Ahead of Trump decision, China Says it Will Stick to Paris Climate Deal
China said on Thursday it will stick to the Paris climate deal as the world awaited an announcement by U.S. President Donald Trump on whether to keep the United States in the global pact to fight climate change.
China has also been locked in territorial disputes with several of its other neighbours in the South China Sea, parts of which is claimed by Taiwan, Malaysia, Brunei, Vietnam and the Philippines.
Beijing: China said on Thursday it will stick to the Paris climate deal as the world awaited an announcement by U.S. President Donald Trump on whether to keep the United States in the global pact to fight climate change.
During his 2016 presidential campaign, Trump denounced the accord, and called global warming a hoax aimed at weakening U.S. industry. A source close to the matter said Trump was preparing to pull out of the agreement.
A U.S. withdrawal could deepen a rift with its allies. The United States would join Syria and Nicaragua as the world's only non-participants in the landmark 195-nation accord agreed upon in Paris in 2015.
Chinese Foreign Ministry spokeswoman Hua Chunying said the agreement had not been reached easily and it represented the broadest consensus of the international community.
"Climate change is a global challenge.

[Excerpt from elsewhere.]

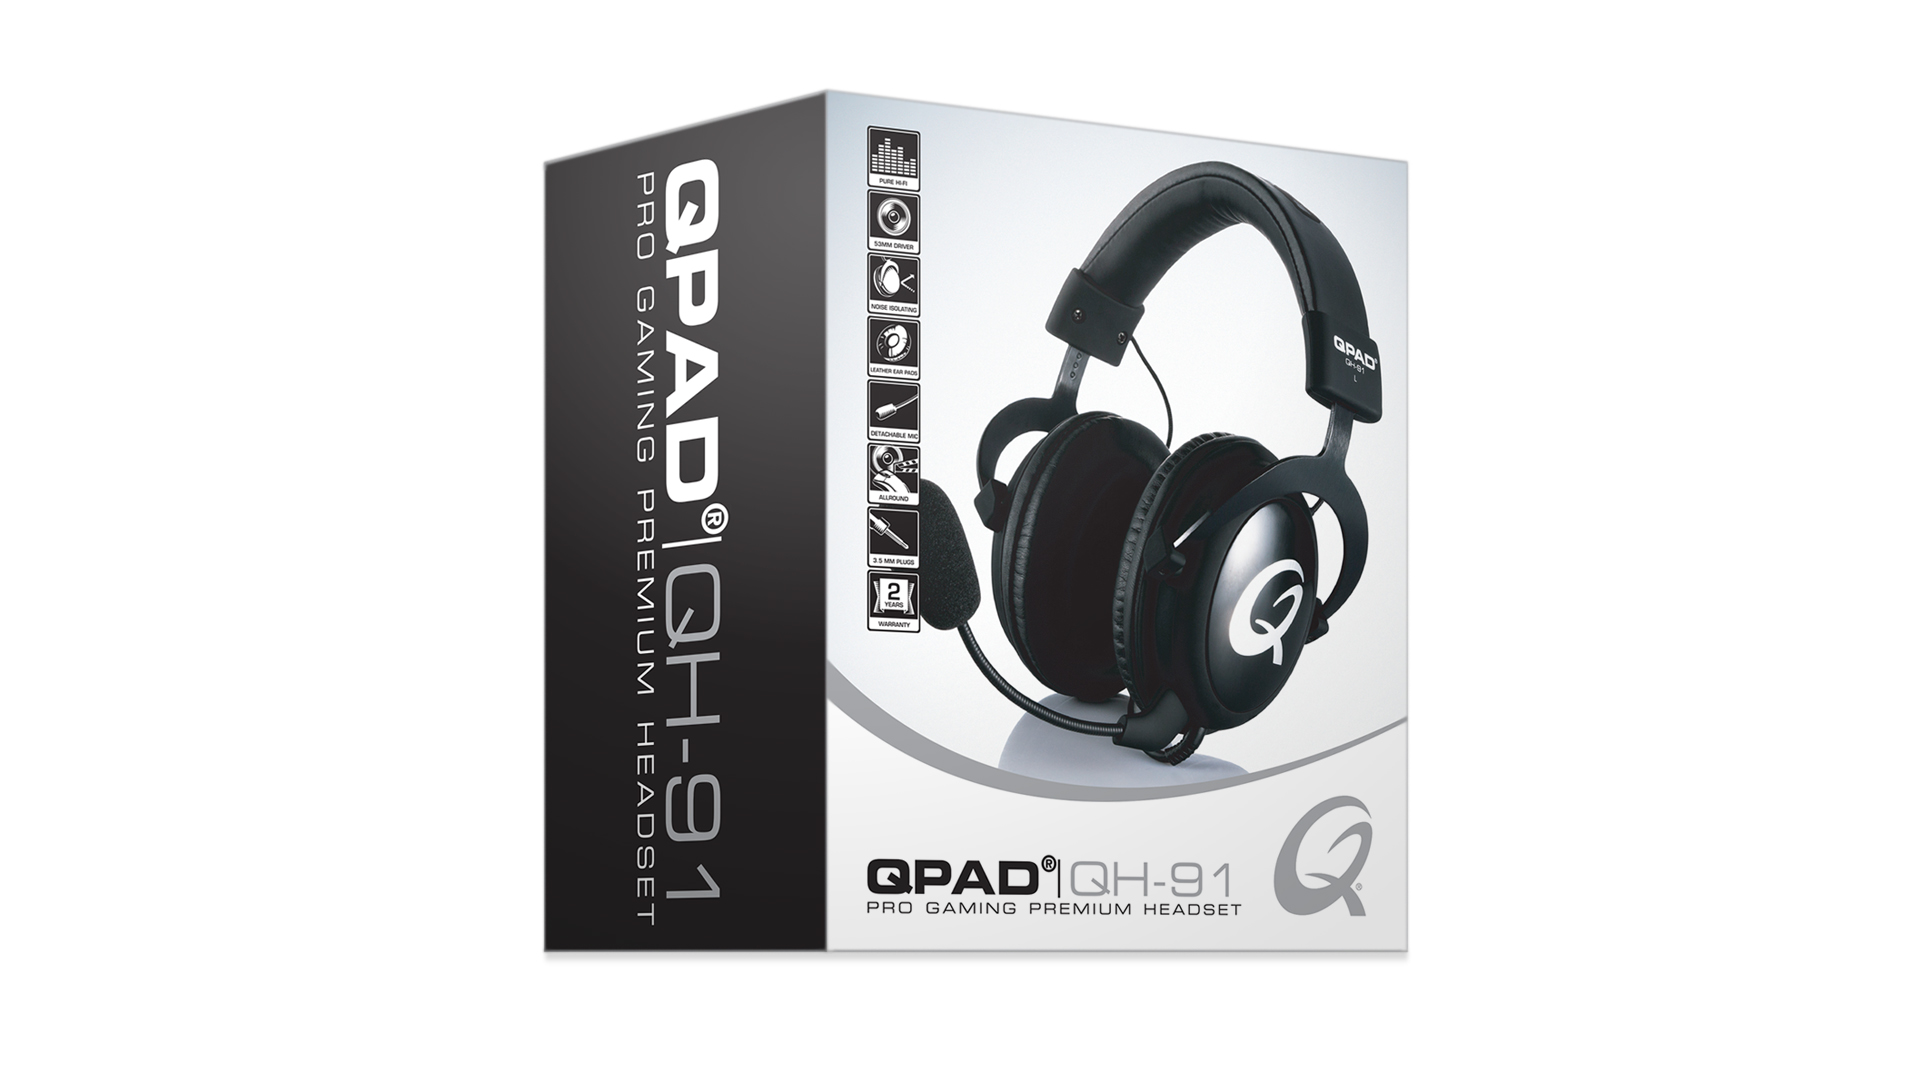 Qpad Pro Gaming Premium Headset

No county can place itself outside of this," she told a daily news briefing.
No matter what changes other countries made in their positions, China would follow its green, sustainable development concept, strengthening measures to deal with climate change and would conscientiously follow the Paris agreement, Hua said.
"At the same time, we will continue to resolutely be a protector and promoter of the global climate system process, proactively participating in the multilateral climate change process," Hua said.
"We are willing to work with all sides to jointly protect the Paris agreement process, promote the actual rules and regulations of the agreement in follow-up talks and effectively enact them, and promote global green, low carbon, sustainable development."
Asked whether China had talked to the Trump administration about the Paris agreement, she said: "China and the United States have close communications about a wide variety of topics, and of course, this includes the issue of climate change."
Climate change was widely seen as one of the few bright spots of cooperation between Beijing and the previous Obama administration in Washington.
China and the European Union are set to issues a statement at a high-level meeting in Brussels committing to implement the climate deal, in a effort to bolster the pact as Trump appears set to abandon it.
China overtook the United States as the world's biggest emitter of greenhouse gases in 2007. But a U.S. withdrawal from the deal would give China more opportunity to burnish its image as a global leader.
China had fought previous attempts by foreign governments to limit carbon emissions, claiming it should be allowed the same space to develop and pollute that industrialised nations had.
But with its capital often choked by smog and its people angry about the environmental degradation that rapid development has wrought across the country, Beijing has become a strong proponent of efforts to halt global warming.